CURSO VERANO UIMP / SIN NOTICIAS DE GURB, de Eduardo Mendoza.


Hoy voy a colgar una lista elaborada por el escritor Eduardo Mendoza (Barcelona, 1943). Del 12 al 16 de agosto tuve la oportunidad de asistir al curso que impartió en la Universidad Internacional Menéndez Pelayo en Santander (Palacio de la Magdalena) titulado Los libros que hay que leer. Eduardo Mendoza es divertido cuando escribe y es divertido como conferenciante. Era verano, hacía calor, y el ambiente estaba lleno de sonrisas. Allá va la lista:

La Biblia.
La Abadía de Northanger, de Jane Austen.
Memorias de la casa muerta, de Dostoyevsky.
La busca, de Baroja.
Si esto es un hombre, de Primo Levi.
El Quijote, de Cervantes.
Guerra y paz, de Tolstoy.
Anales, de Cornelio Tácito.
Edipo Rey, de Sófocles.
El sur, de Borges.
Las desventuras del joven Werther, de Goethe.
La vida es sueño, de Calderón de la Barca.
Hamlet, de Shakespeare.
La metamorfosis, de Kafka.
Divina Comedia, de Dante.
Cándido, de Voltaire.
Las amistades peligrosas, de Choderlos de Laclos.
Moby Dick, de Melville.
La isla misteriosa, de Julio Verne.
El sueño eterno, de Raymond Chandler.
El hombre del traje marrón, de Agatha Christie.
Pedro Páramo, de Juan Rulfo.
Cien años de soledad, de Gabriel García Márquez.
Todo se desmorona, de Chinua Achebe.
Libro de la almohada, de Sei Shonagon.
En busca del tiempo perdido, de Marcel Proust.

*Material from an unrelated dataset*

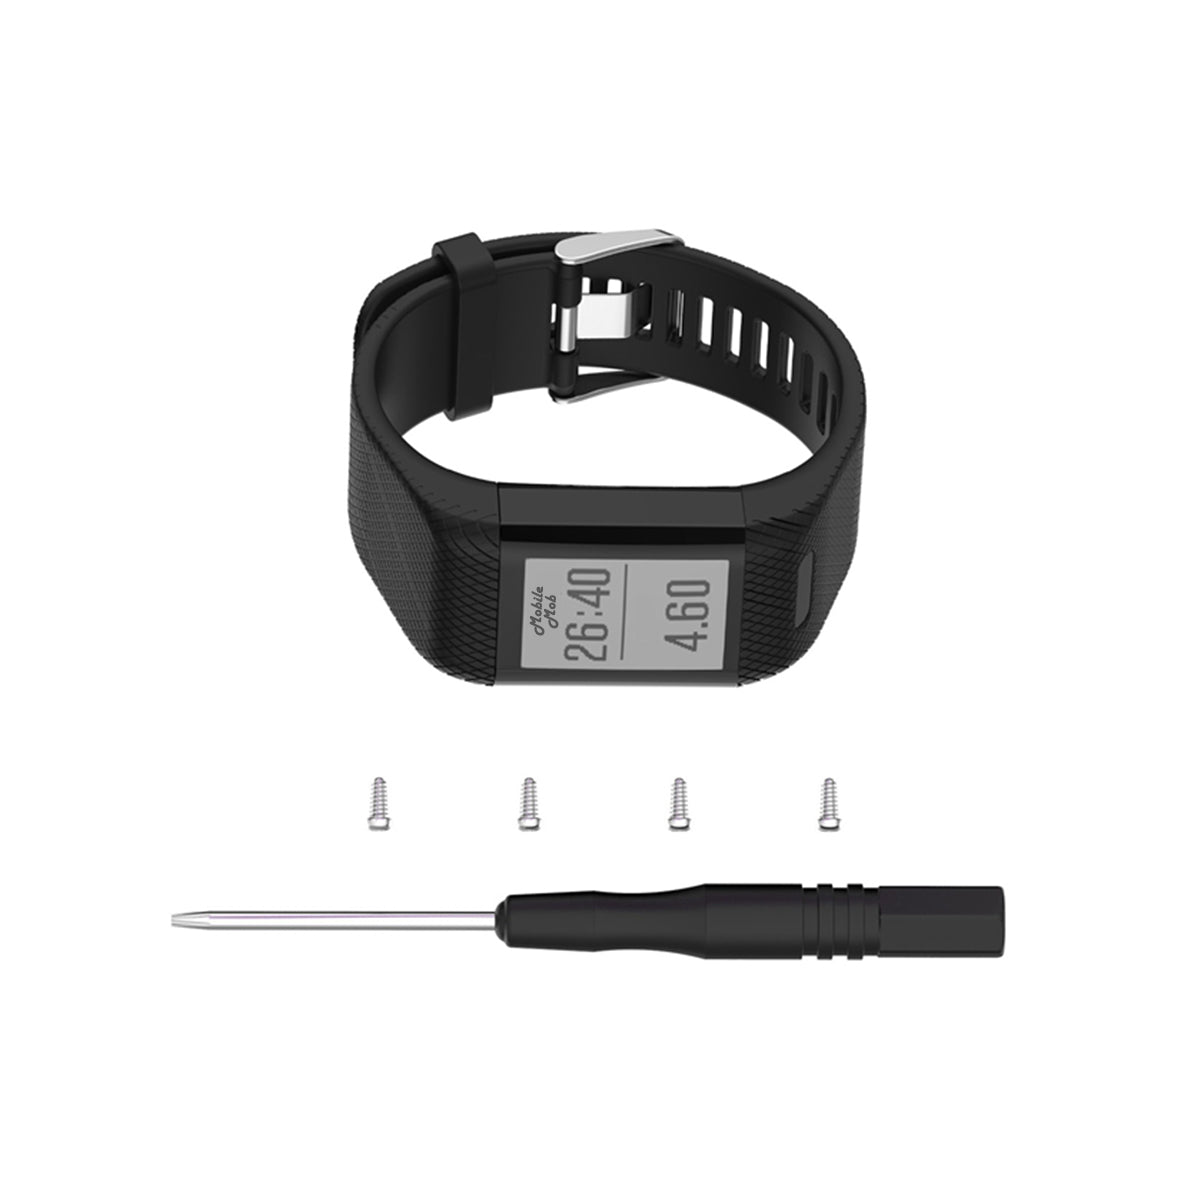 Band for Garmin vivosmart HR, Silicone Strap Replacement Wristband for  Garmin vivosmart HR(No Tracker)
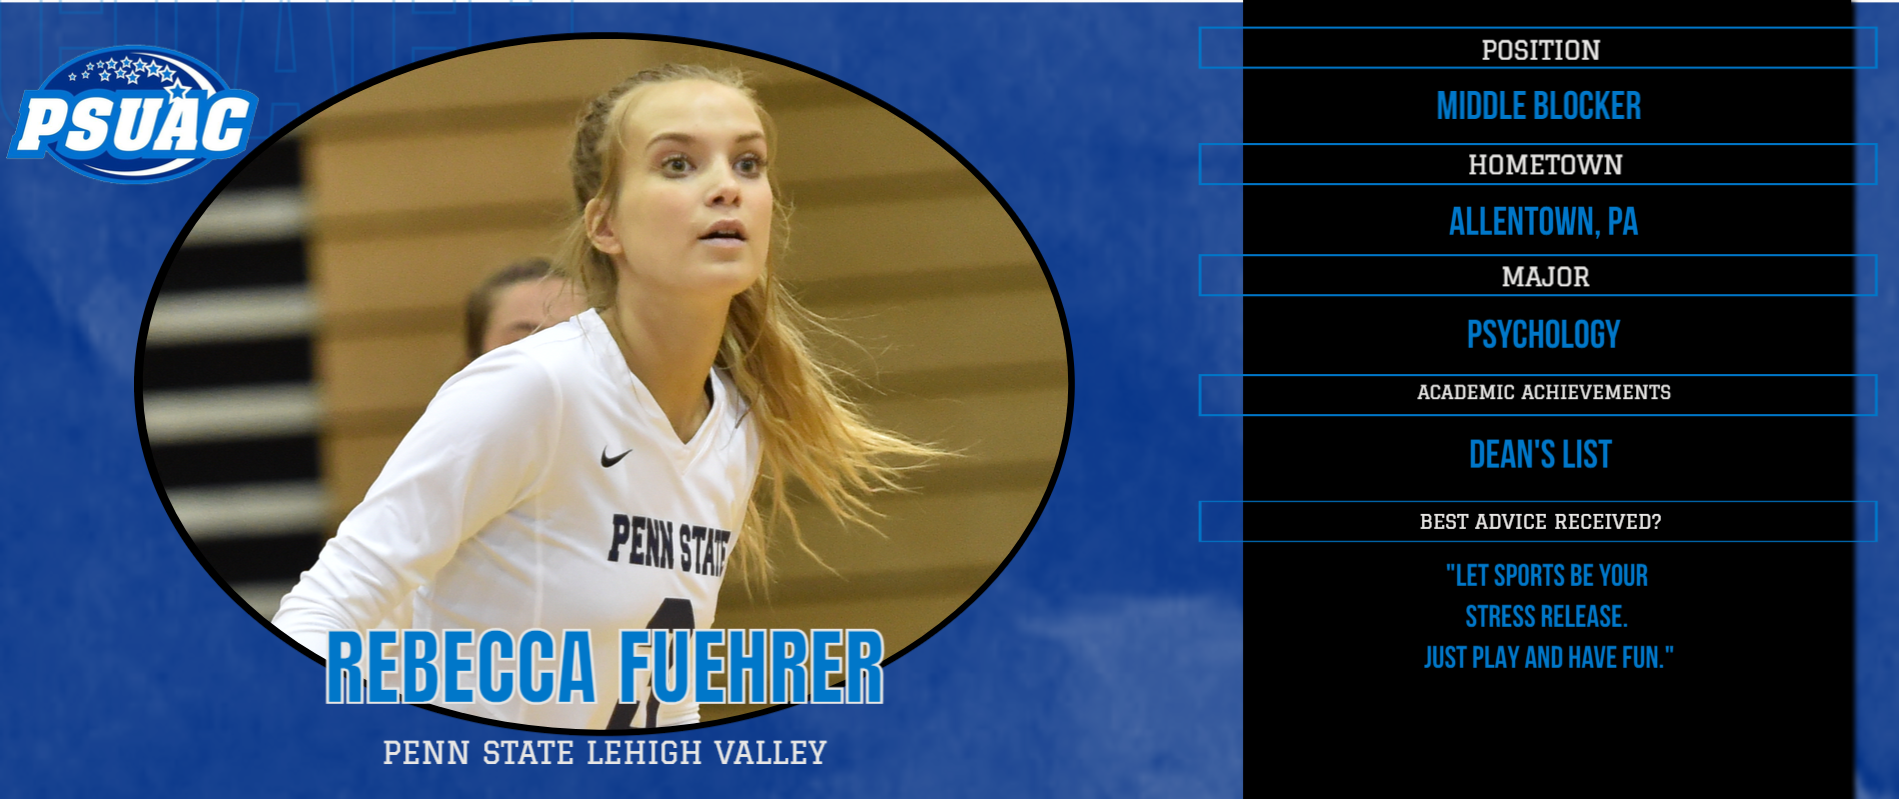 Penn State Lehigh Valley's Rebecca Fuehrer.

Eduardo Mendoza no recomendó ninguno de sus libros (en más de una ocasión nos dijo que si se sentía orgulloso de algo era de su trabajo como traductor) pero V. hace mucho me comentó que se lo había pasado pipa leyendo Sin noticias de Gurb. A. y A., dos compañeros del curso me regalaron por mi cumple el libro, y en pocos días lo devoré. En el año 1990 apareció Sin noticas de Gurb publicado por entregas en el periódico El País y un año después salió a la luz como libro.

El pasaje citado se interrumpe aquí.